Rules of conduct for processing for statistical or scientific research purposes (pursuant to articles 2-quater and 106 of the Privacy Code

With Provision no. 298 of 9/05/2024, published in the Official Gazette no. 130 of 5/06/2024, the Data Protection Authority identified the first guarantees to be adopted for the processing of personal data for medical, biomedical and epidemiological research purposes, referring to patients who have died or cannot be contacted for reasons:

  • ethical, meaning those related to the fact that the data subject is unaware of his or her condition (that is, research for which the data processing information to be disclosed to the data subjects would entail the disclosure of information concerning the study, knowledge of which could cause material or psychological harm to the data subjects); or
  • of organisational impossibility, by which is meant due to the fact that failure to collect data from untraceable subjects, compared to the total number of subjects to be enrolled in the research, would have significant consequences for the results of the research itself; or arising from the circumstance that contacting them would imply a disproportionate effort in view of their high numbers or, alternatively, those who at the end of all reasonable efforts to contact them turn out to be deceased or non-contactable at the time of enrolment in the study.

The Data Protection Authority has ruled that in all these cases, the data controller, in addition to the existing obligation to obtain the favourable opinion of the competent ethics committee at territorial level, must

  • justify and document the ethical or organisational reasons why it was unable to obtain the consent of the persons concerned; and
  • carry out and publish the impact assessment pursuant to article 35 of the GDPR, notifying the Data Protection Authority.

With the same provision, the Data Protection Authority promoted the launch of the procedure for the adoption of new ethical rules for processing for statistical or scientific research purposes, inviting public and private entities entitled to subscribe to the new rules of conduct and qualified stakeholders who wish to participate in the work to notify and provide information and documentation to protocollo@pec.gpdp.it within 60 days of the publication of the measure in the Official Journal.

Osborne Clarke comment

The amendment of article 110 of the Privacy Code, together with the first rules of conduct dictated by the Data Protection Authority, are of fundamental importance for the simplification of procedures for retrospective observational studies.

As these studies are based on data collected before a decision is made to undertake scientific studies, they are often hindered by the impossibility of obtaining the consent of the person concerned.
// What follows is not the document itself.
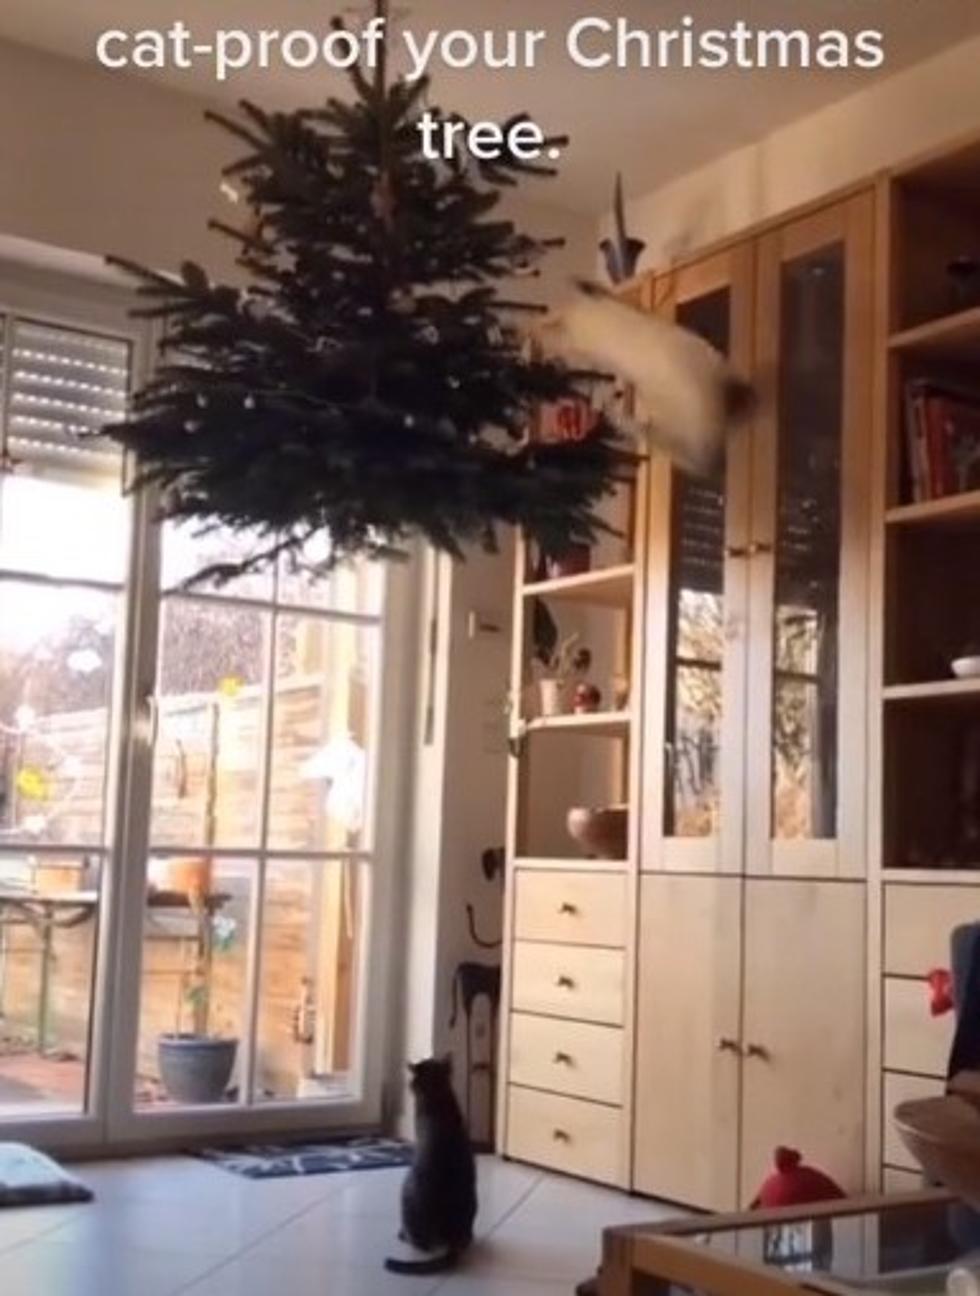 Cats vs Christmas Trees – Who Will Win?

The elimination of the obligation to consult with the Data Protection Authority makes the procedure easier and definitely favours scientific research in Italy. Promoters of research projects are exempted from this requirement, which used to impose a cumbersome procedure for the authorisation of retrospective observational studies (already approved by the competent Ethics Committee).

Such a change does not adversely affect the protection of personal data and the level of accountability required, subject always to the obligation of the data controller to analyse the risks of personal data processing in an impact assessment and to define appropriate measures to mitigate them.

The content of this article is intended to provide a general guide to the subject matter. Specialist advice should be sought about your specific circumstances.